A 20-year-old woman from Qatif, Saudi Arabia, reported that she had been abducted by several men and repeatedly raped. But judges found the victim herself to be guilty. Her crime is called “mingling”: When she was abducted, she was in a car with a man not related to her by blood or marriage, and in Saudi Arabia, that is illegal. Last month, she was sentenced to six months in prison and 200 lashes with a bamboo cane.
Two hundred lashes are enough to kill a strong man. Women usually receive no more than 30 lashes at a time, which means that for seven weeks the “girl from Qatif,” as she”s usually described in news articles, will dread her next session with Islamic justice.
When she is released, her life will certainly never return to normal: Already there have been reports that her brother has tried to kill her because her “crime” has tarnished her family”s honor.
We also saw Islamic justice in action in Sudan, when a 54-year-old British teacher named Gillian Gibbons was sentenced to 15 days in jail before the government pardoned her this week; she could have faced 40 lashes.
When she began a reading project with her class involving a teddy bear, Gibbons suggested the children choose a name for it. They chose Muhammad; she let them do it. This was deemed to be blasphemy.
Then there”s Taslima Nasreen, the 45-year-old Bangladeshi writer who bravely defends women”s rights in the Muslim world. Forced to flee Bangladesh, she has been living in India. But Muslim groups there want her expelled, and one has offered 500,000 rupees for her head.
In August she was assaulted by Muslim militants in Hyderabad, and in recent weeks she has had to leave Calcutta and then Rajasthan. Taslima Nasreen”s visa expires next year, and she fears she will not be allowed to live in India again.

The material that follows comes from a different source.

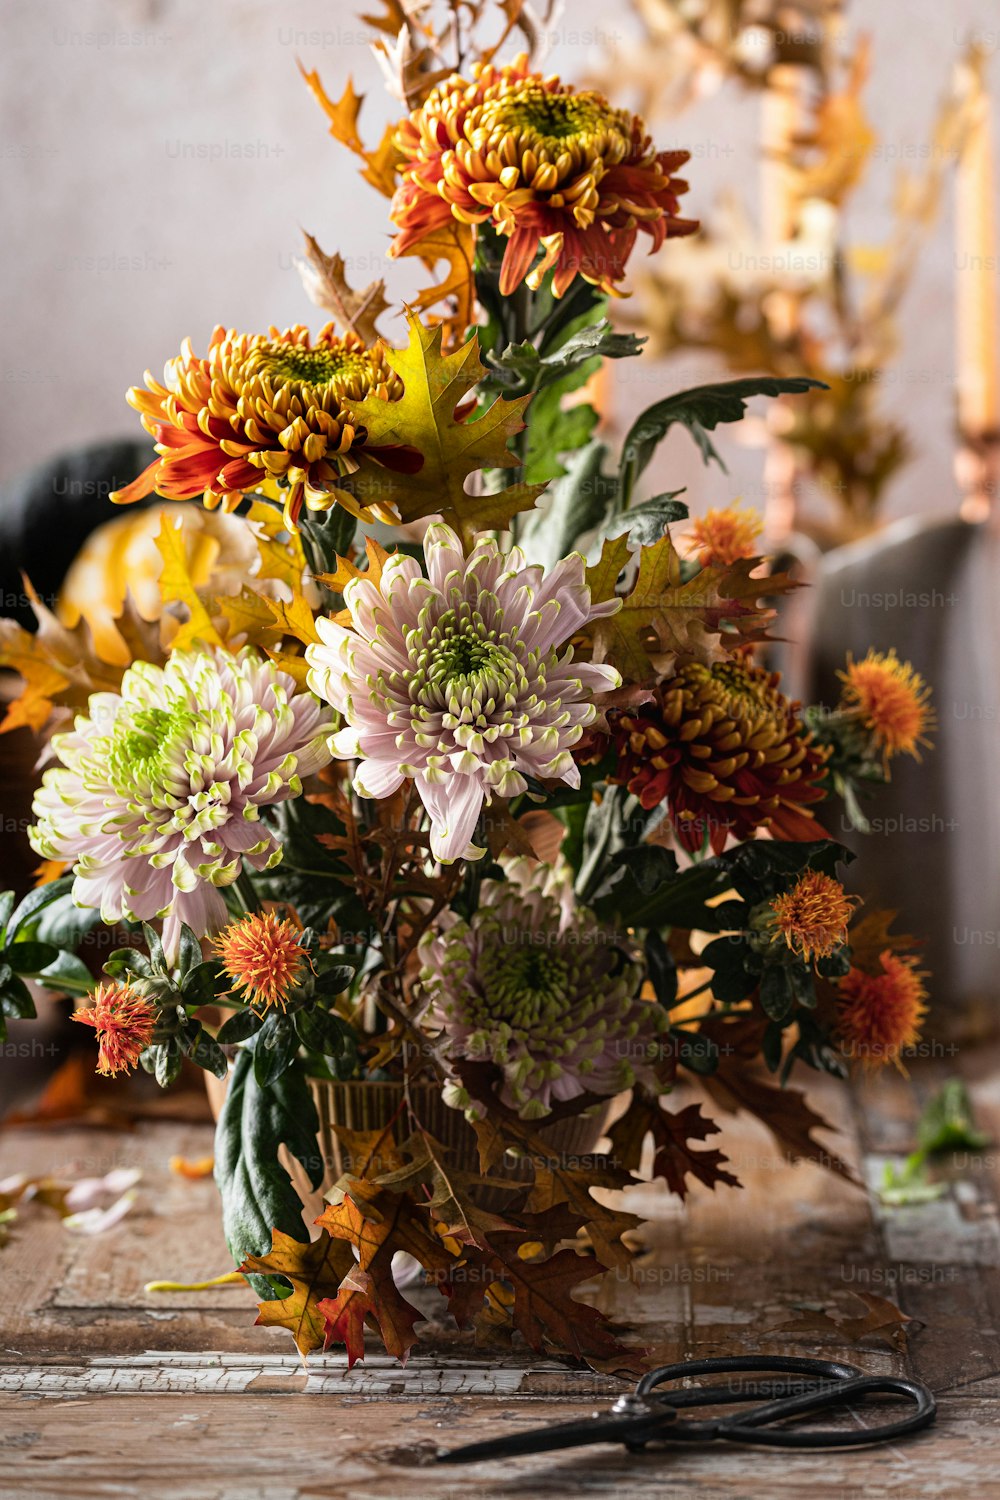 eine Vase gefüllt mit vielen Blumen neben einer Schere

It is often said that Islam has been “hijacked” by a small extremist group of radical fundamentalists. The vast majority of Muslims are said to be moderates.
But where are the moderates? Where are the Muslim voices raised over the terrible injustice of incidents like these? How many Muslims are willing to stand up and say, in the case of the girl from Qatif, that this manner of justice is appalling, brutal and bigoted – and that no matter who said it was the right thing to do, and how long ago it was said, this should no longer be done?
Usually, Muslim groups like the Organization of the Islamic Conference are quick to defend any affront to the image of Islam. The organization, which represents 57 Muslim states, sent four ambassadors to the leader of my political party in the Netherlands asking him to expel me from Parliament after I gave a newspaper interview in 2003 noting that by Western standards some of the Prophet Muhammad”s behavior would be unconscionable. A few years later, Muslim ambassadors to Denmark protested the cartoons of Muhammad and demanded that their perpetrators be prosecuted.
But while the incidents in Saudi Arabia, Sudan and India have done more to damage the image of Islamic justice than a dozen cartoons depicting the Prophet Muhammad, the organizations that lined up to protest the hideous Danish offense to Islam are quiet now.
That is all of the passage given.